于是项王想要向东渡过乌江。乌江亭长将船靠在岸边等待,对项王说:“江东虽然很小,但是土地也有方圆千里,民众也有几十万人,足以在那里称王。希望大王赶快渡江。现在只有我这一条船,汉军来到这里,也没有办法渡江。”项王笑着说:“上天要我灭亡,我渡江又能怎么样呢!况且我和江东子弟八千人渡江向西进军,现在没有一个人回来,即使江东的父兄可怜我,让我在那里称王,我又有什么脸面去见他们呢?即使他们不说什么,我自己难道心里不愧疚吗?”于是他对亭长说:“我知道您是个忠厚的人。我骑这匹马五年了,它所向无敌,曾经一天行进千里,我不忍心杀死它,把它赐给您了。”他命令骑兵都下马步行,手持短兵器迎战。项籍独自杀死汉军几百人。项王自己也受伤十多处。他回头看见汉军的骑司马吕马童,说:“你不是我的老朋友吗?”吕马童转过身,指给王翳说:“这就是项王。”项王于是说:“我听说汉王悬赏用一千金、一万户封邑来得到我的头,我成全你。”于是他自刎而死。王翳割下他的头,其他骑兵相互踩踏着争抢项王的尸体,自相残杀死了几十人。最后,郎中骑杨喜,骑司马吕马童,郎中吕胜、杨武,各自得到了项王的一部分肢体。五个人把肢体合起来,都是项王的。所以汉王把悬赏的封地一分为五:封吕马童为中水侯,封王翳为杜衍侯,封杨喜为赤泉侯,封杨武为吴防侯,封吕胜为涅阳侯。

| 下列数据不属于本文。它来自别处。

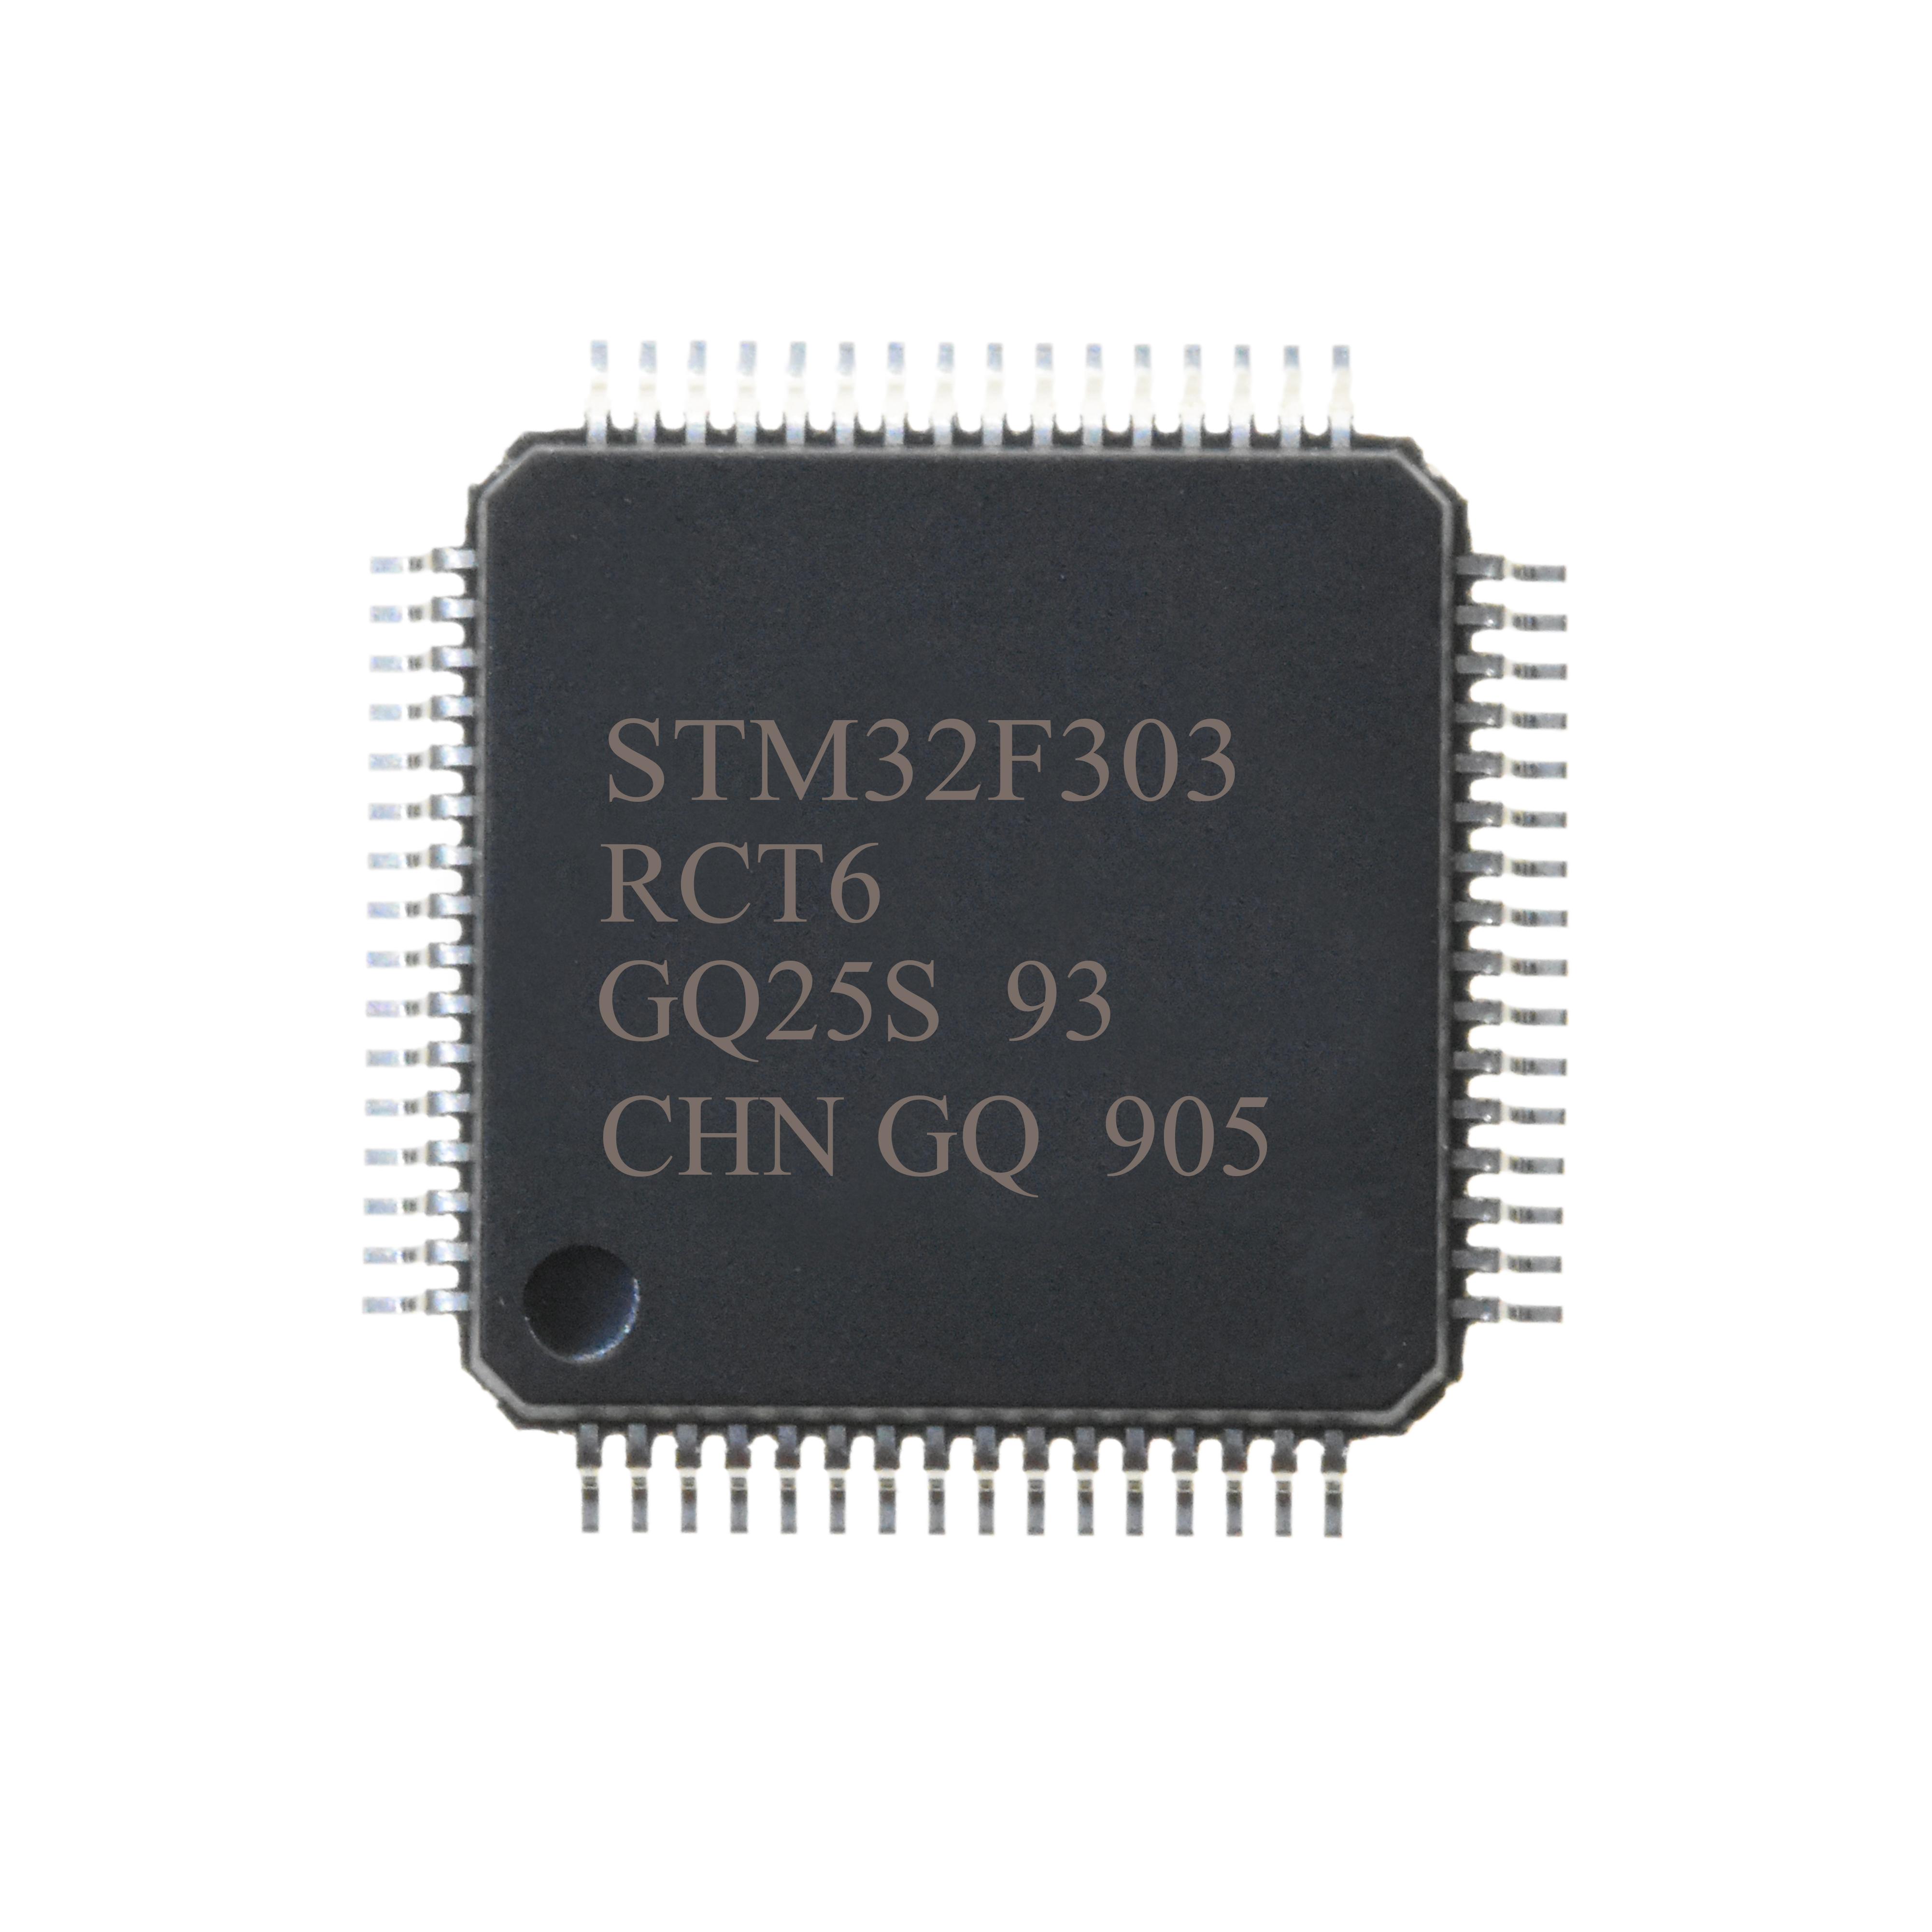 Stm32f303rct6 Mcu 32-битный Процессор Arm Cortex M4 Risc 256kb Флэш-2,5 V/3,3 V Четырёхъядерный 64-разрядный Процессор Lqfp Лоток - Buy Stm32f303rct6 Product on Alibaba.com

项王死后,楚地都投降汉王,只有鲁县不投降。汉王于是率领天下军队想要屠戮鲁县,因为当地人持守礼义,愿意为君主守节而死,就派人拿出项王的头给鲁县的人看,鲁县的父兄才投降。最初,楚怀王封项籍为鲁公,等到他死后,鲁县又最后投降,因此用鲁公的礼仪将他埋葬在谷城。汉王为其致哀,哭泣后离去。

项氏的各支属,汉王都没有诛杀。汉王封项伯为射阳侯。桃侯、平皋侯、玄武侯都是项氏,赐姓刘。

太史公说:我听周生说“舜的眼睛大概有两个瞳孔”,又听说项羽也有两个瞳孔。项羽难道是舜的后裔吗?不然为什么会兴起得如此迅速呢?秦朝政治失策,陈涉率先起事,天下豪杰纷然响应,相互兼并争夺,不可胜数。然而项羽连很小的封地也没有,借助时势在民间发迹,三年后,就率领五路诸侯灭掉秦朝,分割天下,封立王侯,政令由他颁布,号称“霸王”,地位虽然没有保持到最后,但是近代以来也没有过这样的事情。等到项羽放弃关中思念楚地,放逐义帝自立为王,抱怨王侯背叛自己,情况已经很艰难了。项羽居功自傲,凭借个人才智而不仿效古法,认为自己创建了霸王基业,想要用武力治理天下,五年后就失去了他的国家,自己也死在东城,却还没有觉悟,不自我责备,这就是他的错了。他竟然说“上天想要我灭亡,不是我用兵时犯了错误”,难道不荒谬吗!